Amelia juga sempat membantu persalinan warga. “Waktu itu saya
bantunya di hutan. Cukup jauh dari rumah. Jam 5 pagi, keluarganya jemput
di rumah, terus kita sampai di sana, ternyata ibunya ini sudah masuk di
hutan. Jadi melahirkannya di hutan. Lalu, saya tenteng semua peralatan.
Saya masuk ke hutan, dan saya bantunya di hutan. Pas saya bantu, bayi
sudah lahir dan ibunya sudah shock. Pingsan. Jadi waktu itu pas libur.
Tak ada kendaraan, motor dan mobil tak ada,” kenangnya.
Pintu rumah Amelia terbuka bagi siapa saja yang membutuhkan bantuan.

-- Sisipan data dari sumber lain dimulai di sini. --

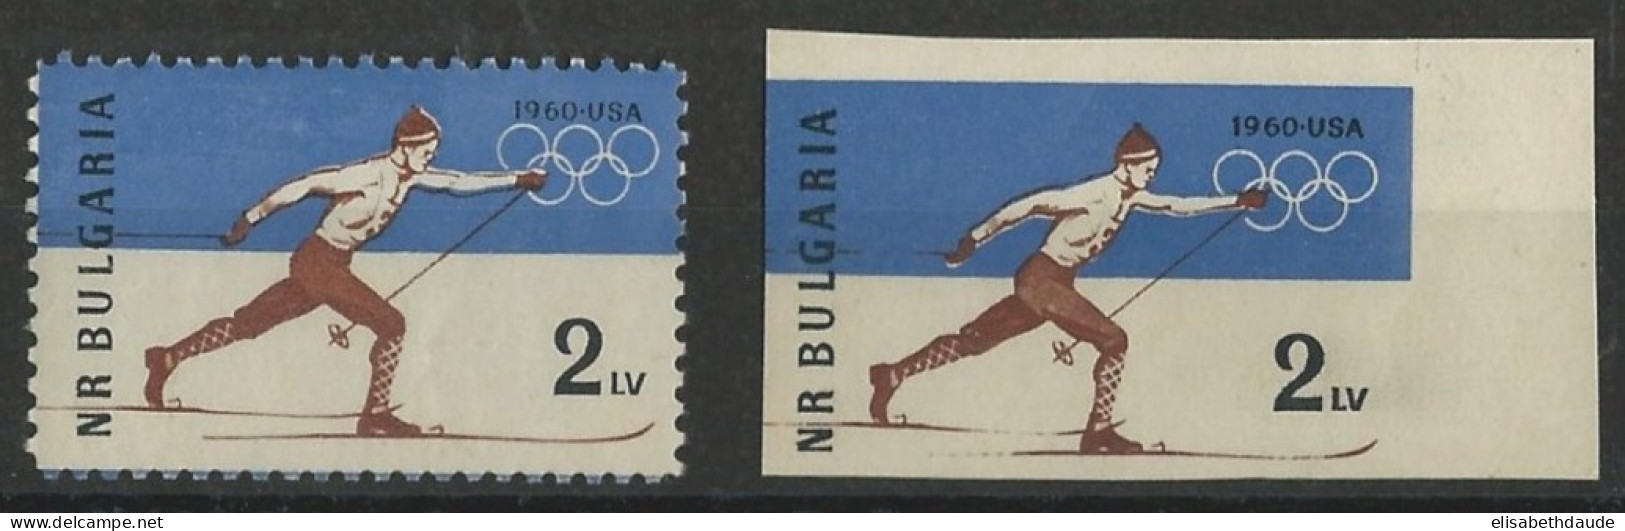 BULGARIE - 1960 - YVERT N°1006 + 1006a DENTELE + NON DENTELE ** MNH - Nuovi

Termasuk Sahruddin, anggota TNI yang kerap terkena malaria saat
bertugas di perbatasan. “Kalau di sini sudah langganan. Itu tanya Ibu
suster. Jadi kalau saya ke sini periksa darah. Ibu suster bilang,
malaria, ya sudah, infus. Mudah-mudahan jangan lagi. Mudah-mudahan kebal
sudah. Pertama datang ke sini, itu hampir tiap minggu kena,” jelasnya.
Meski pengabdian dan komitmennya membantu sesama sangat tinggi, tapi
gaji yang diperoleh Amelia relatif kecil. Hanya Rp 2 juta per bulan.
Jumlah itu masih jauh dari cukup, mengingat biaya hidup di Papua bisa
mencapai 3 kali lipat dibanding Jakarta.